[Task material — start]

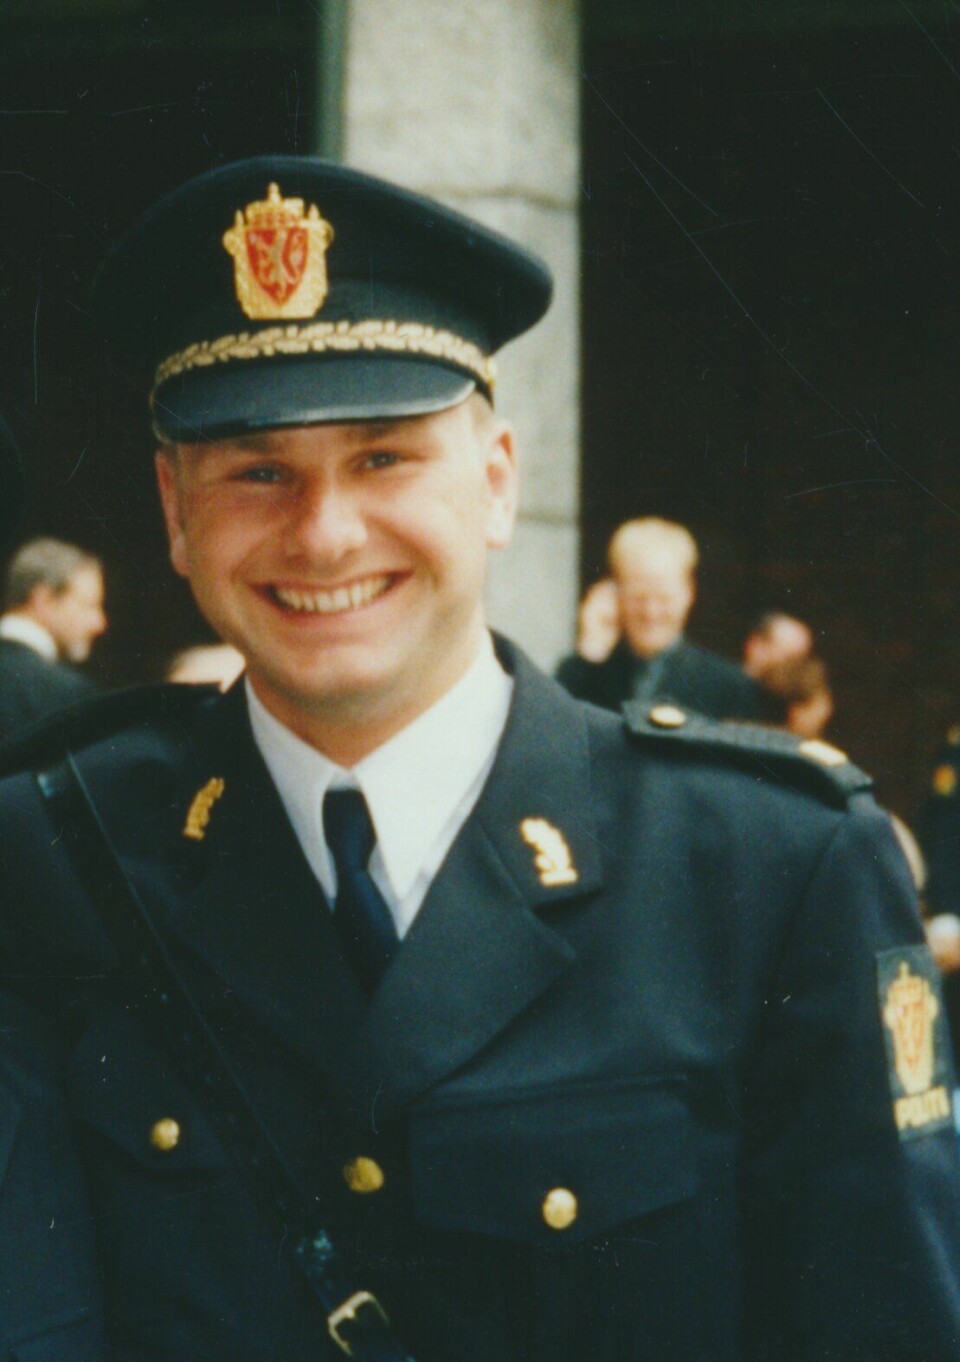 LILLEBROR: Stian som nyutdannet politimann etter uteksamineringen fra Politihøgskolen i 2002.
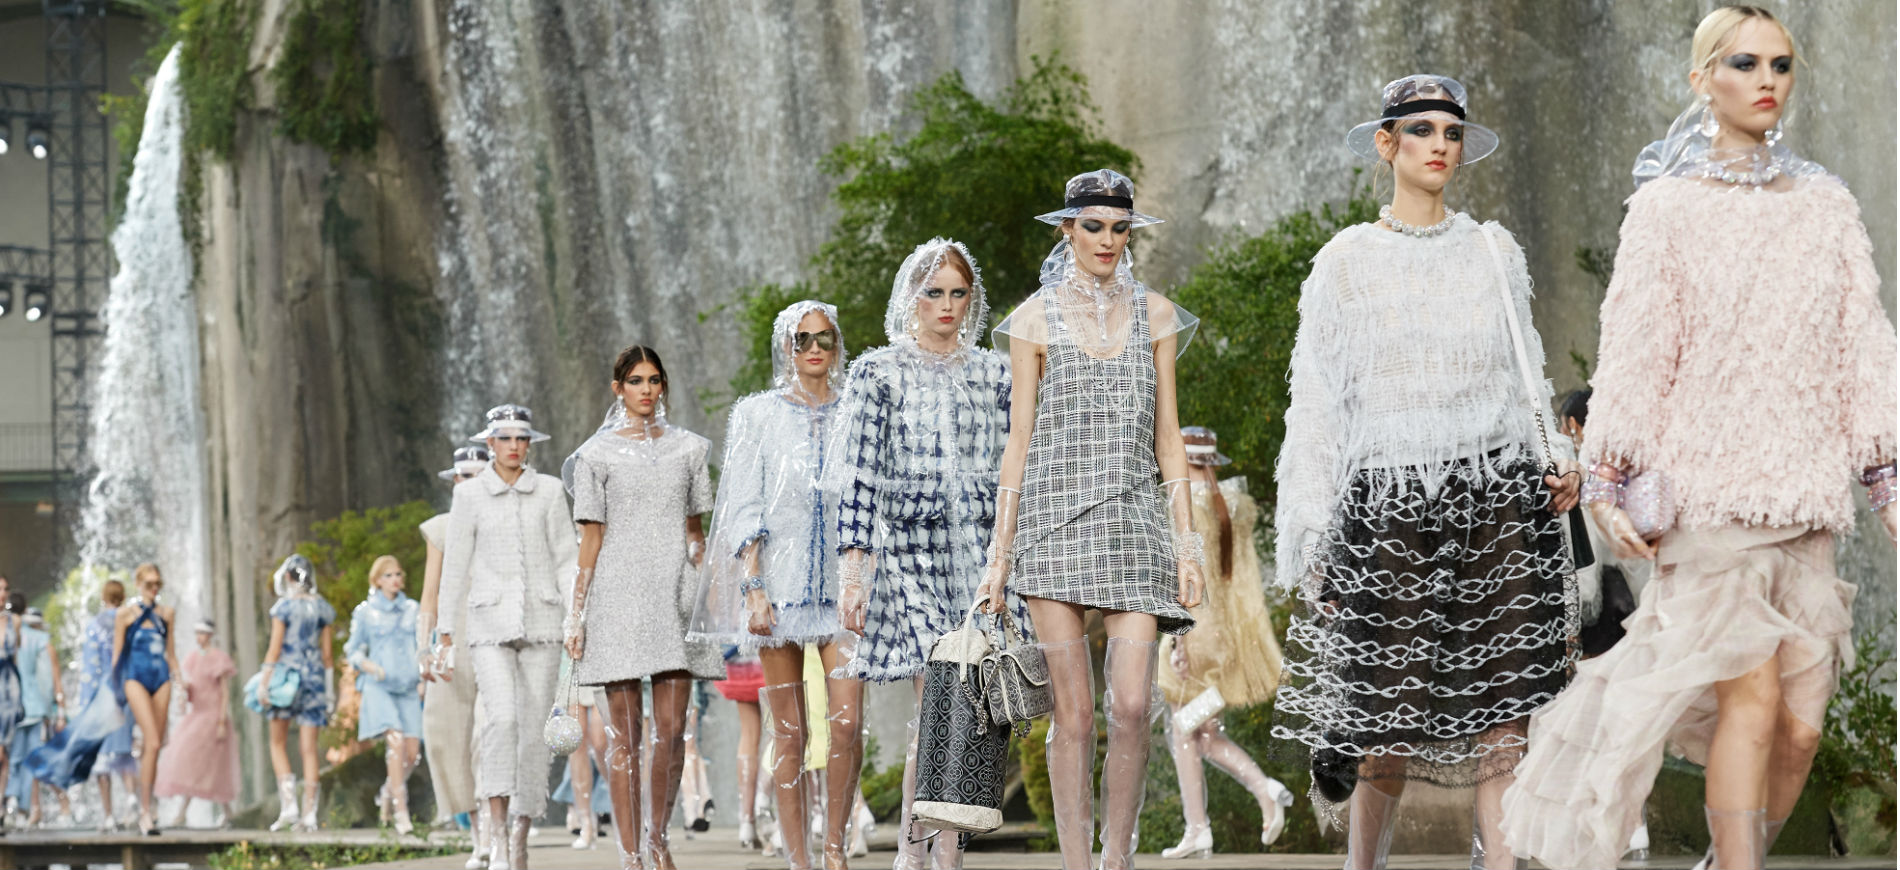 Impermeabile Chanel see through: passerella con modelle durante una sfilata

[Task material — finish]
[Task material — start]

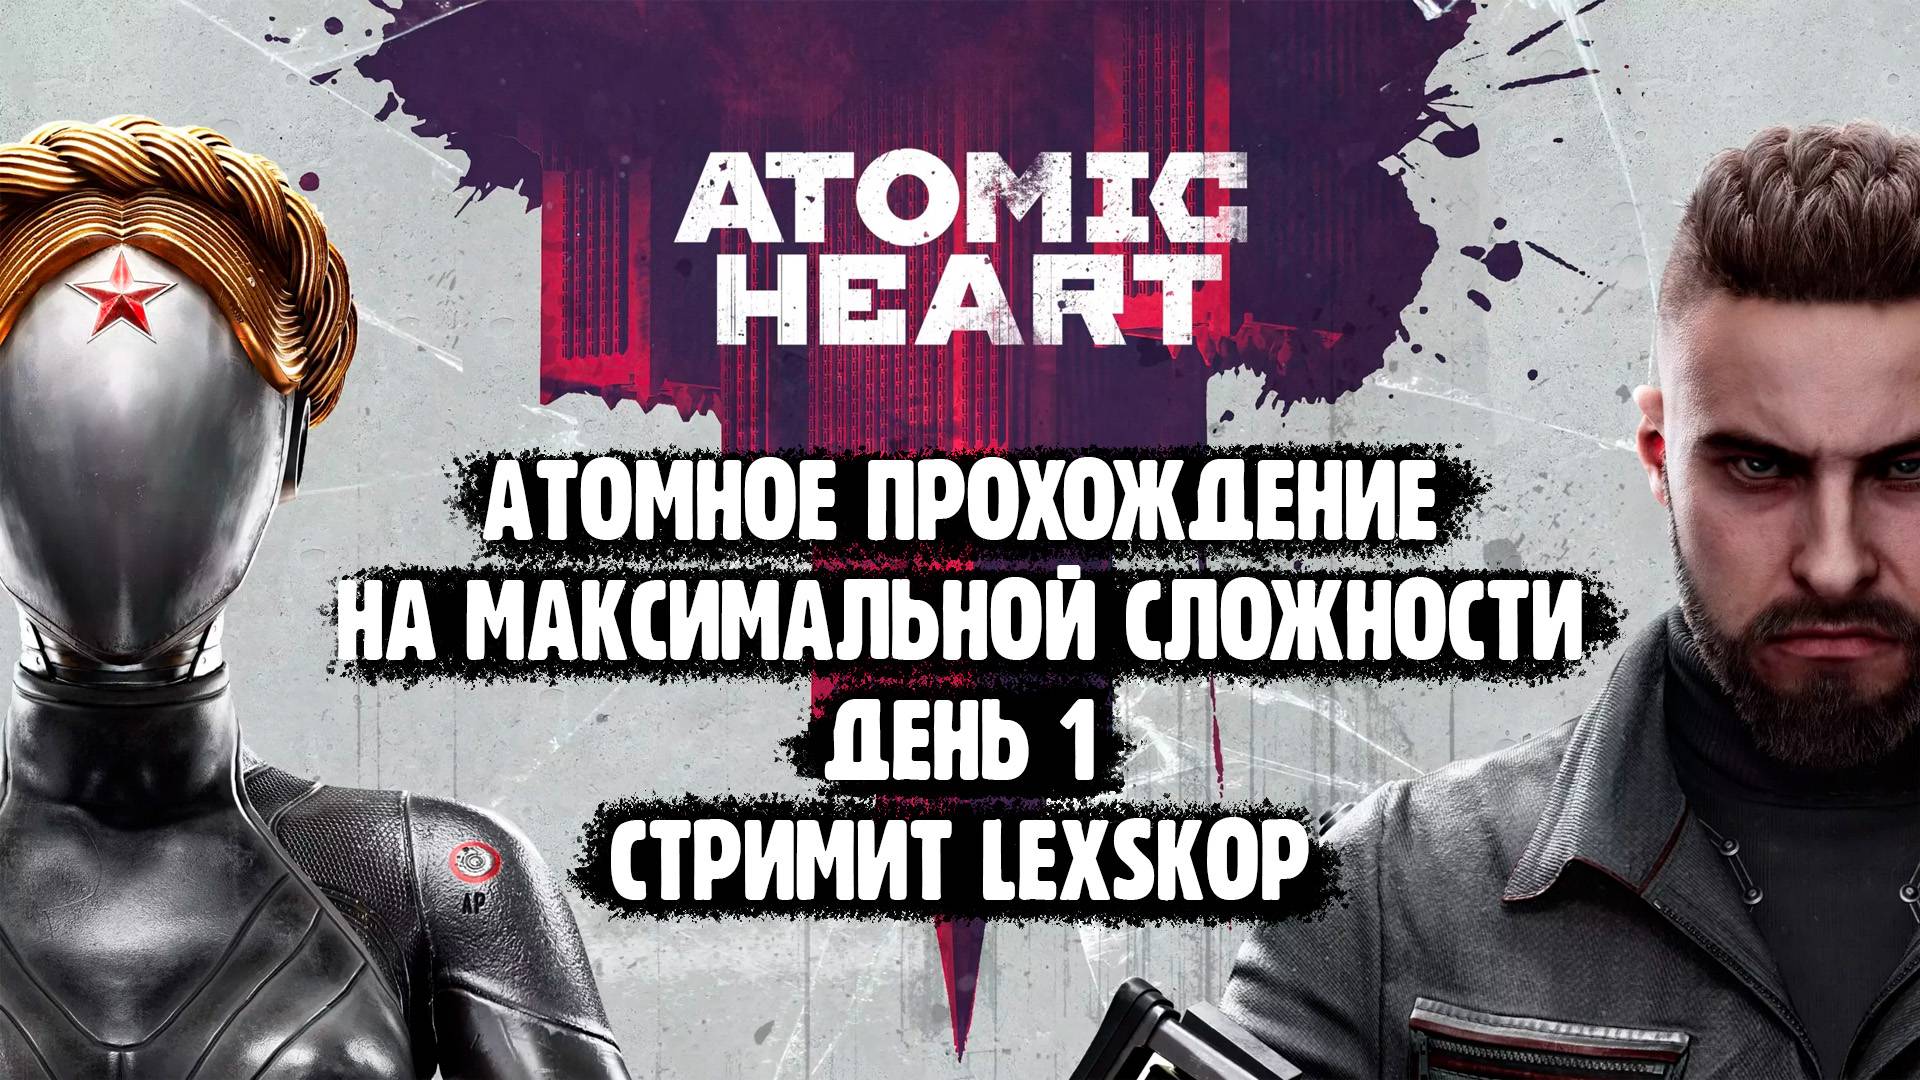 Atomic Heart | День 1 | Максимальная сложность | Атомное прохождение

[Task material — finish]
[Task material — start]

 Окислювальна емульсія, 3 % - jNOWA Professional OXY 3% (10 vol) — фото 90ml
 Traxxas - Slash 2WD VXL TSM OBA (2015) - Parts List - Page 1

[Task material — finish]

* **Exercise instructions**
Nothing but the lines from the one with "LILLEBROR: Stian som" to the one with "Impermeabile Chanel see" above, both included, should be transcribed, exactly and without pictures.

* **Output for this task**
 LILLEBROR: Stian som nyutdannet politimann etter uteksamineringen fra Politihøgskolen i 2002.
 Impermeabile Chanel see through: passerella con modelle durante una sfilata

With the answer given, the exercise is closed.